- _WHAT TO PRODUCE_
Apart from the images, every record here needs to be copied exactly.
(MATERIAL FOR THE TASK begins)
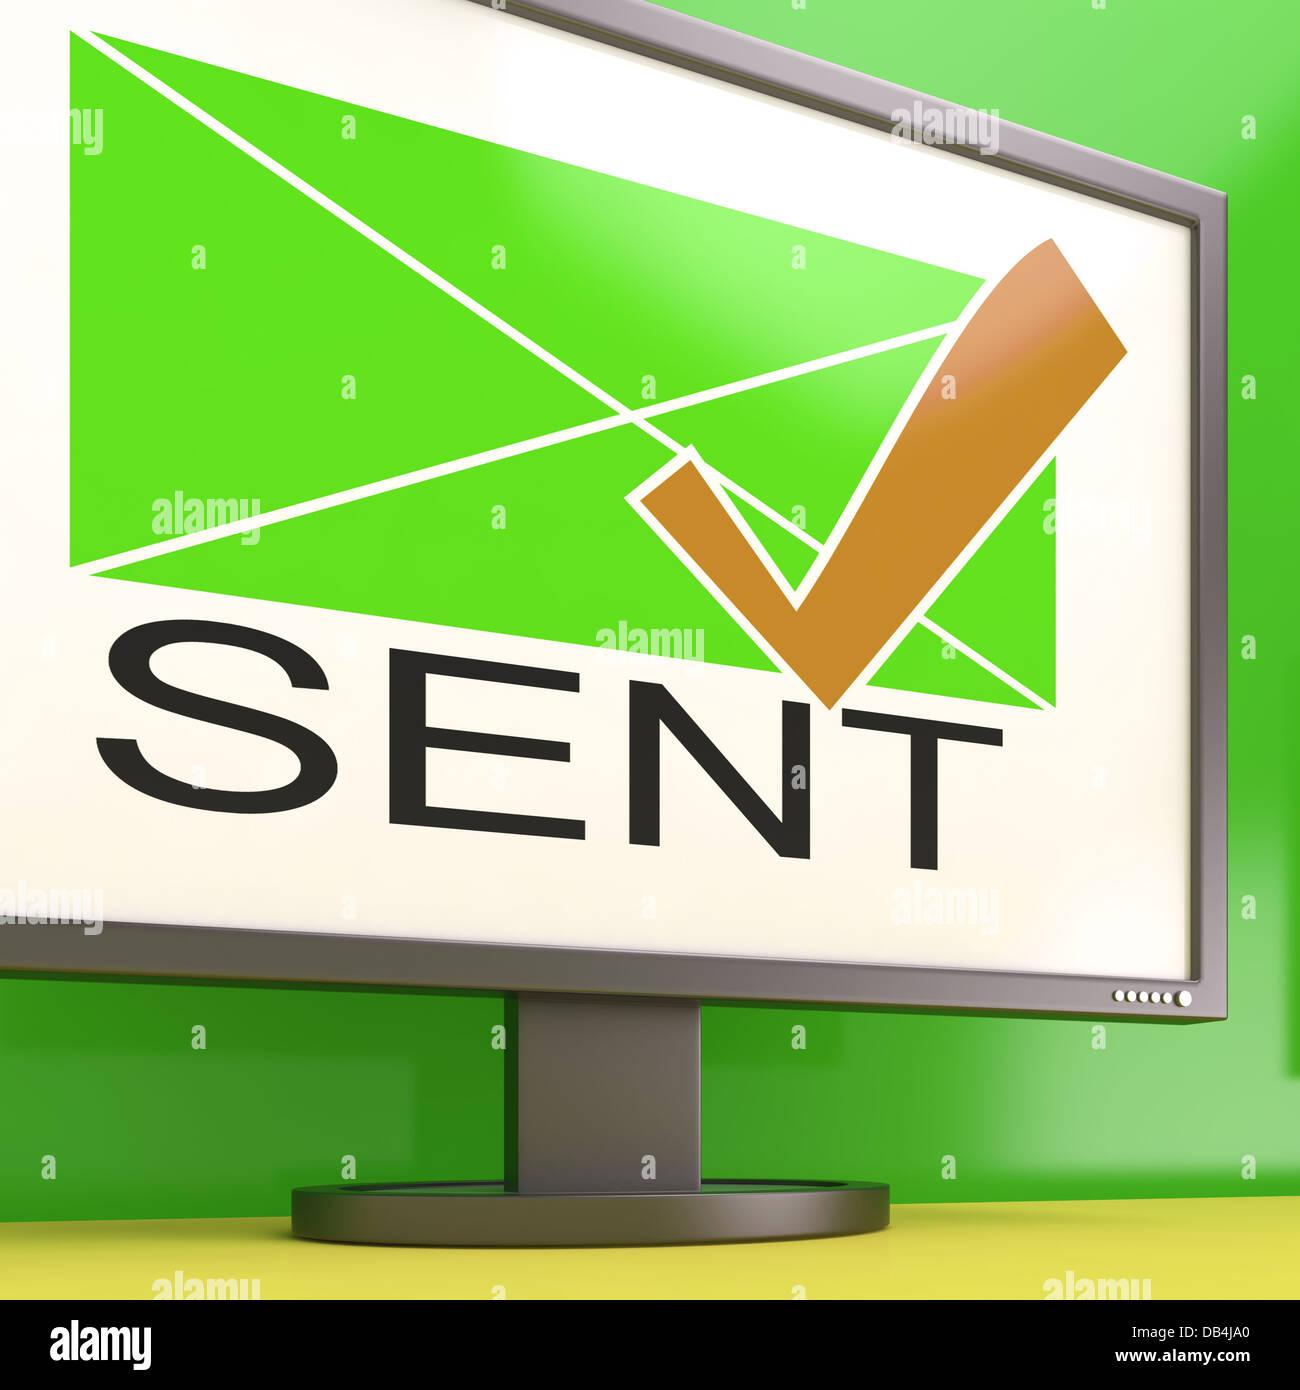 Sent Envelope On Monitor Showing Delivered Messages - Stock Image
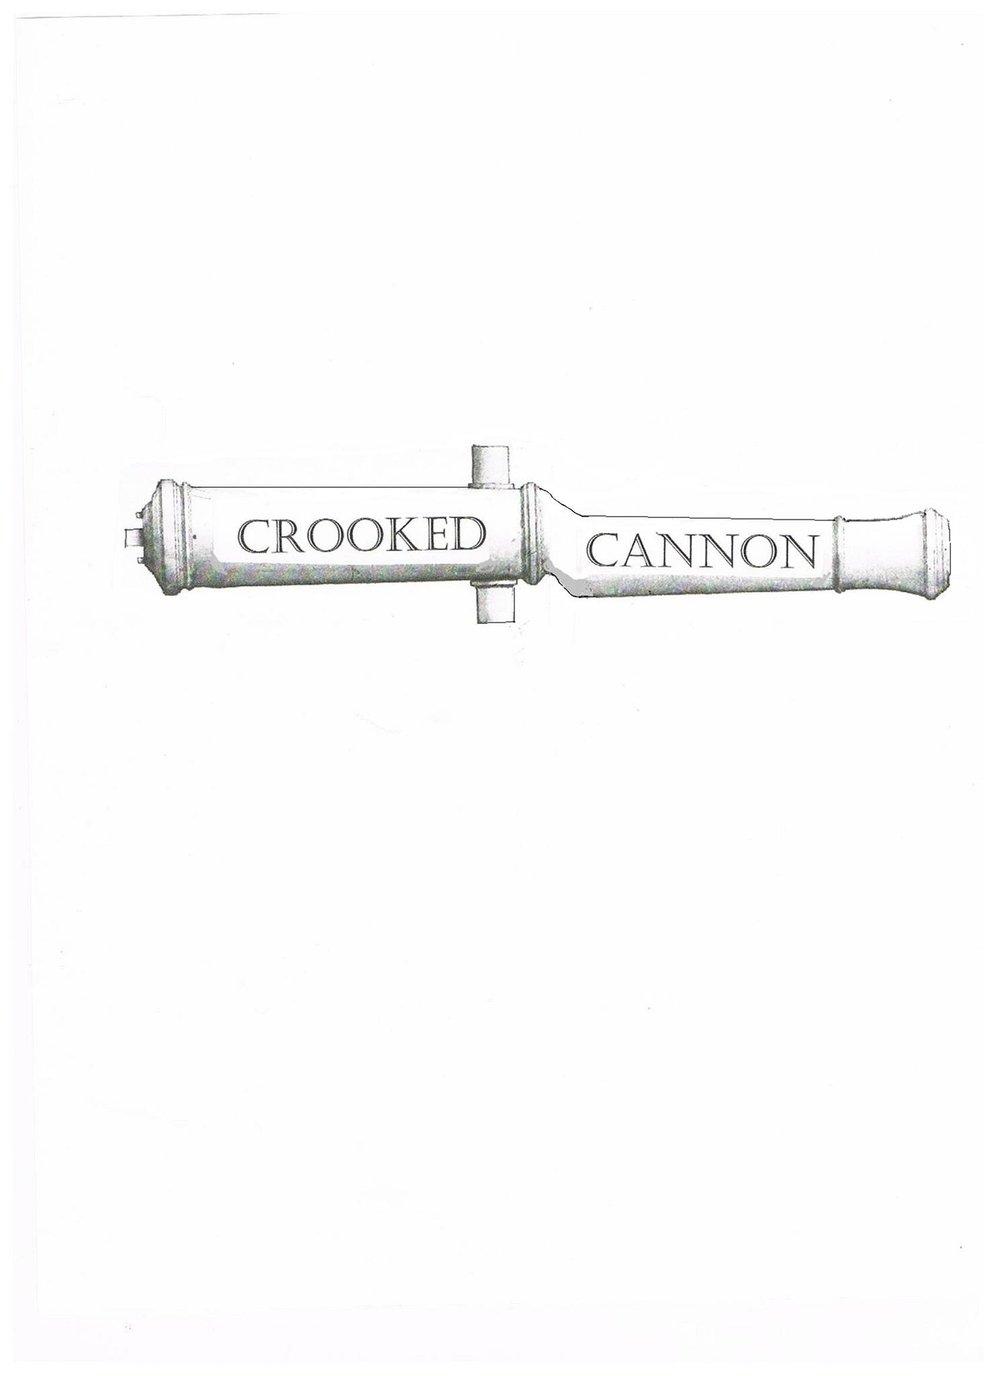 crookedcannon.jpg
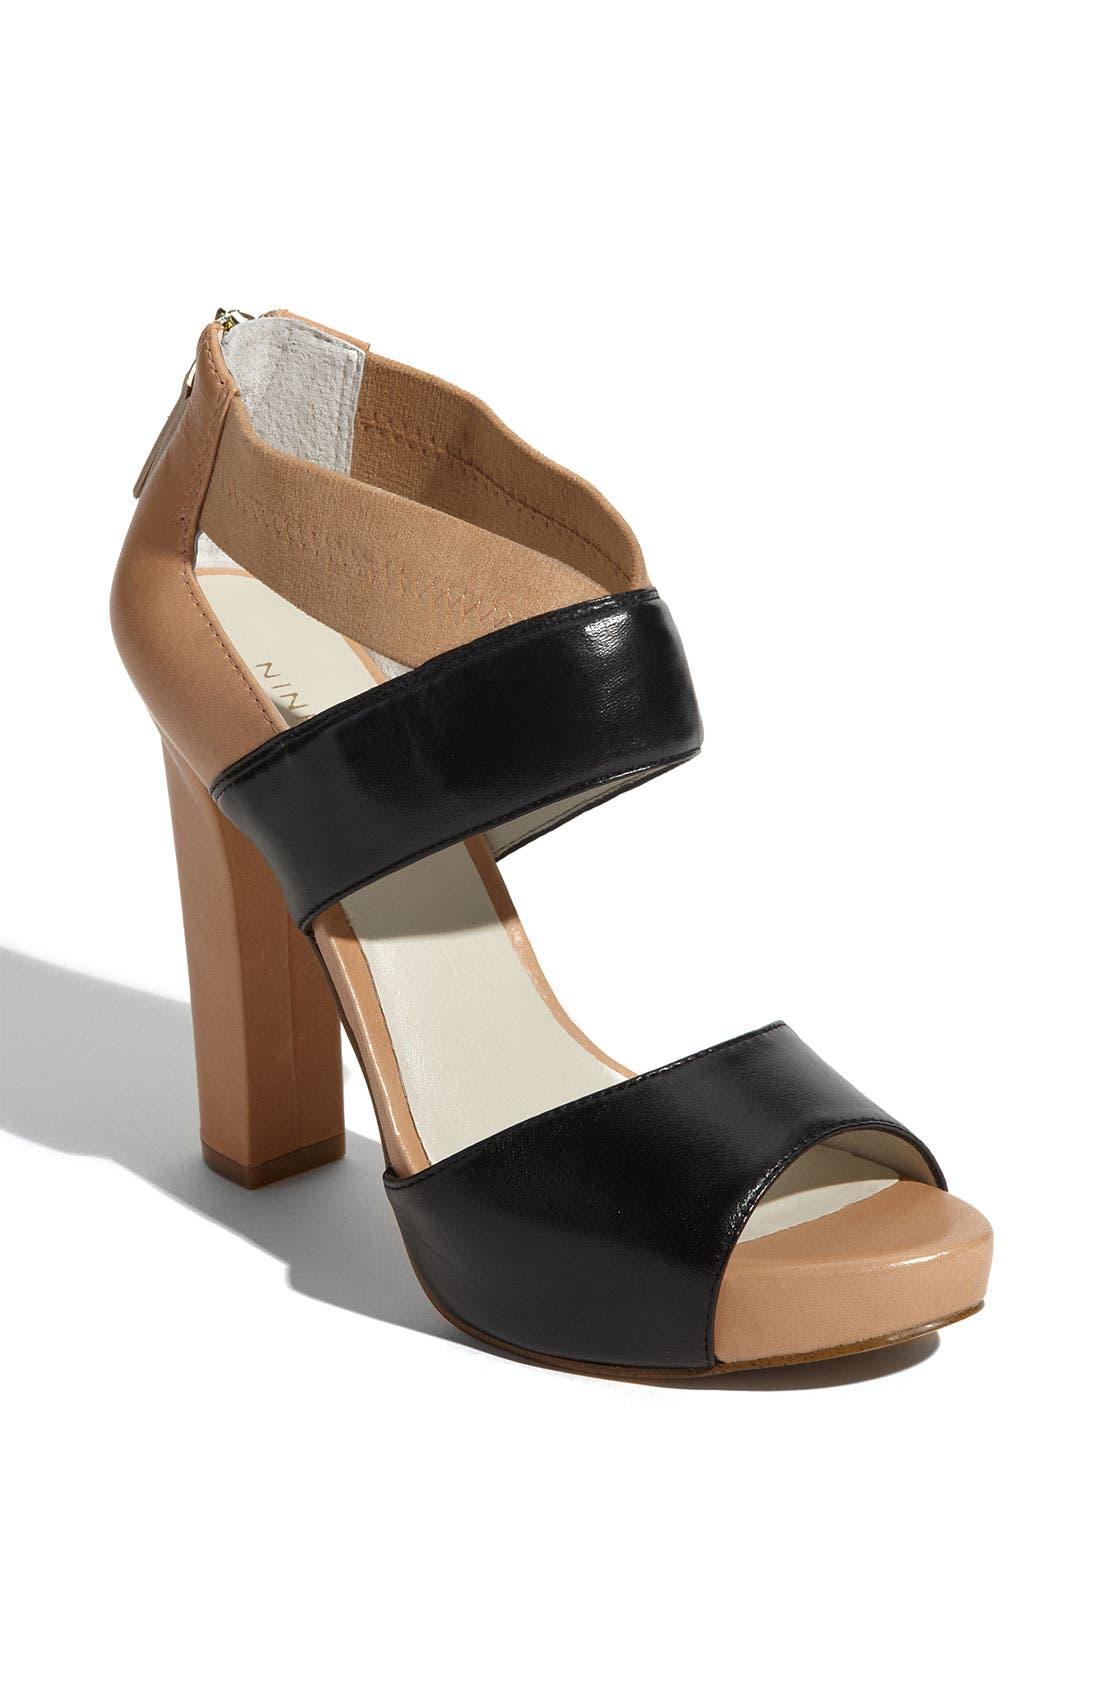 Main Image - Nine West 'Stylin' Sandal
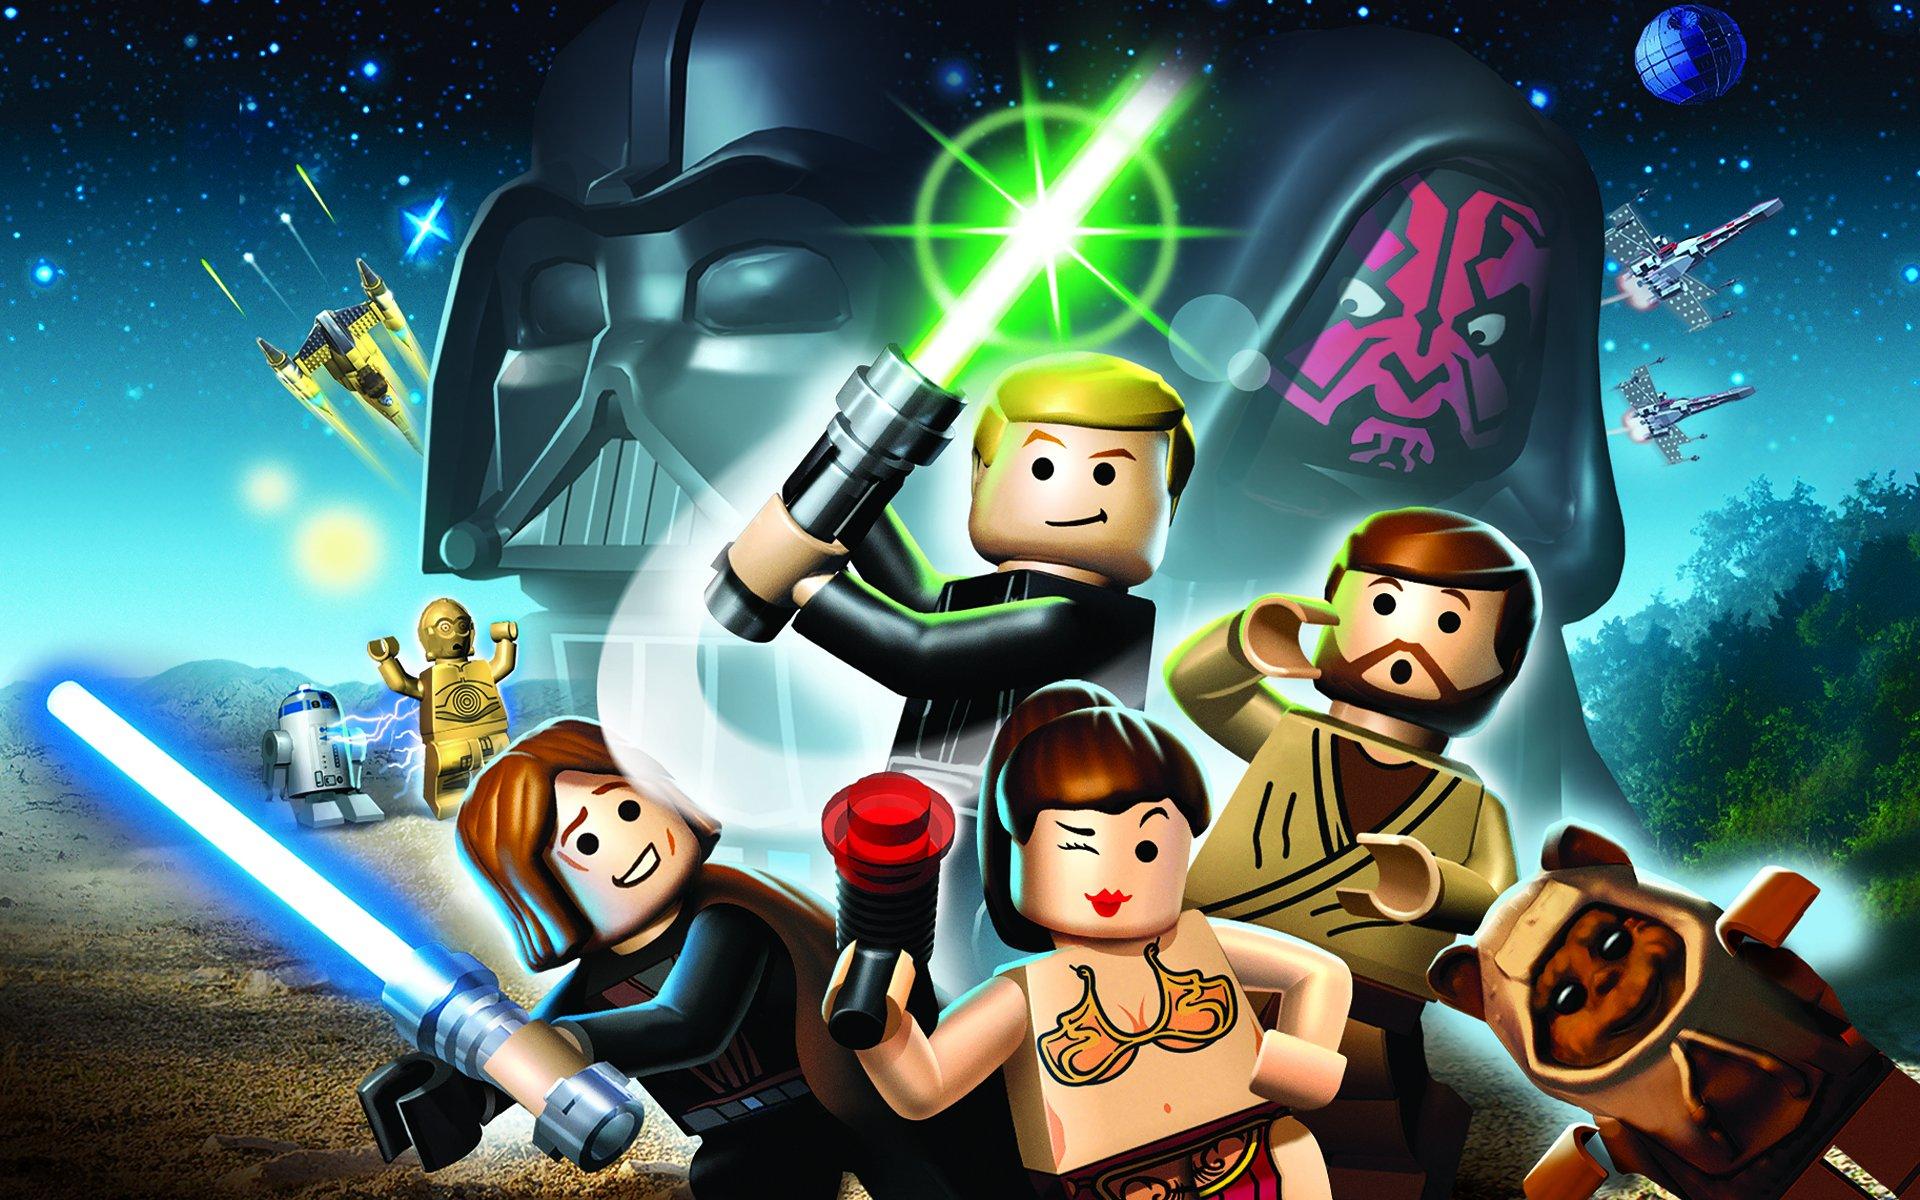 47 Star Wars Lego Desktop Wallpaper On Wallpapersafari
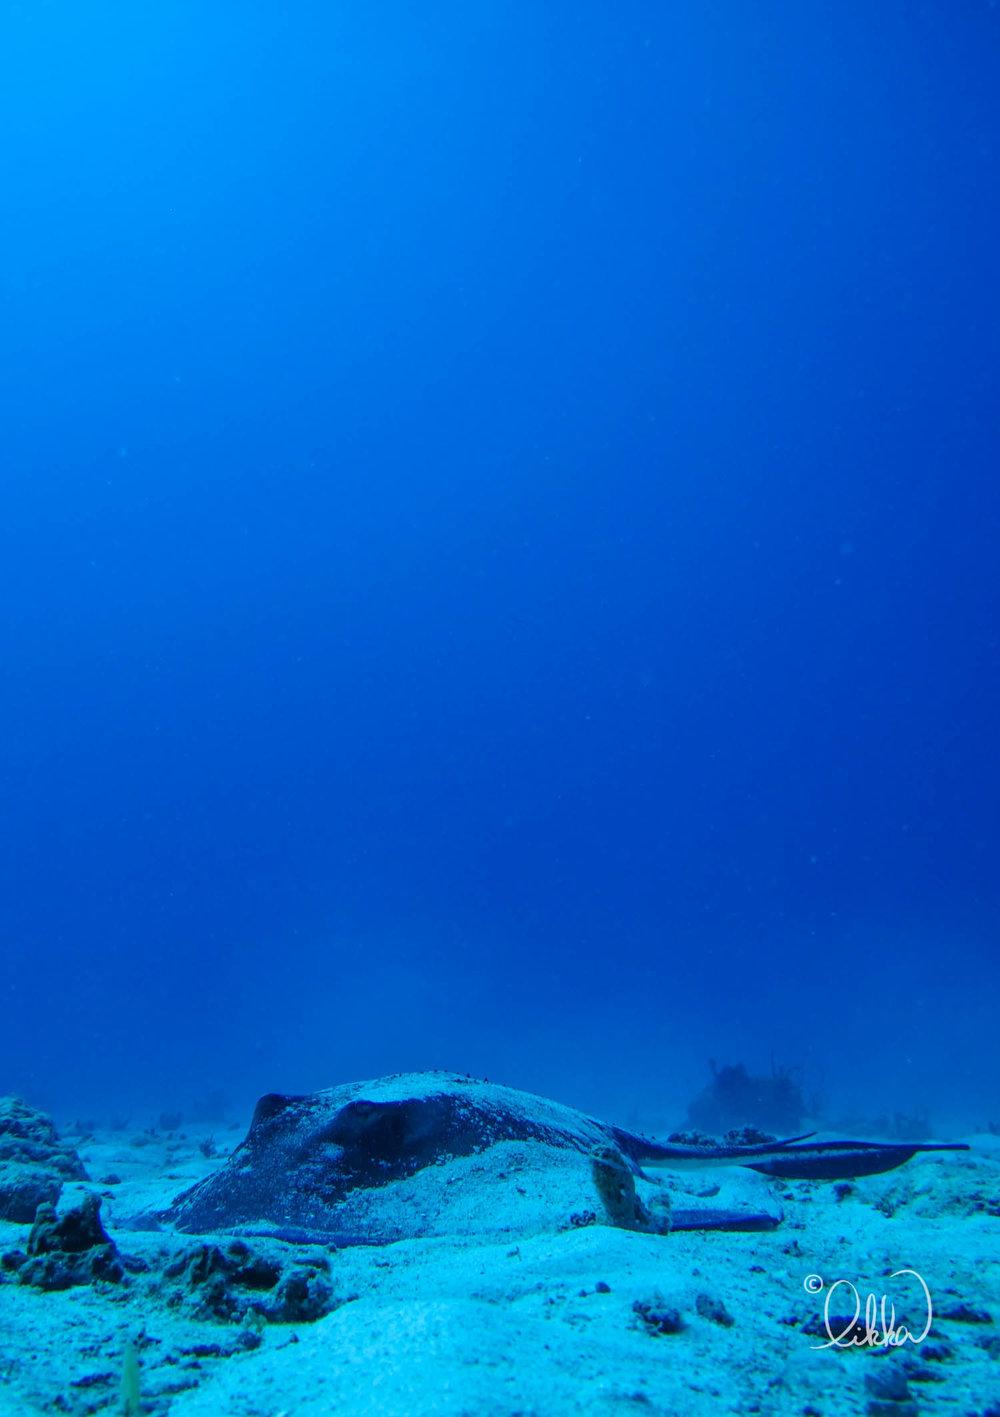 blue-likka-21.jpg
(MATERIAL FOR THE TASK ends)
- _SOLUTION FOR THIS TASK_
 Sent Envelope On Monitor Showing Delivered Messages - Stock Image
 crookedcannon.jpg
 Main Image - Nine West 'Stylin' Sandal
 47 Star Wars Lego Desktop Wallpaper On Wallpapersafari
 blue-likka-21.jpg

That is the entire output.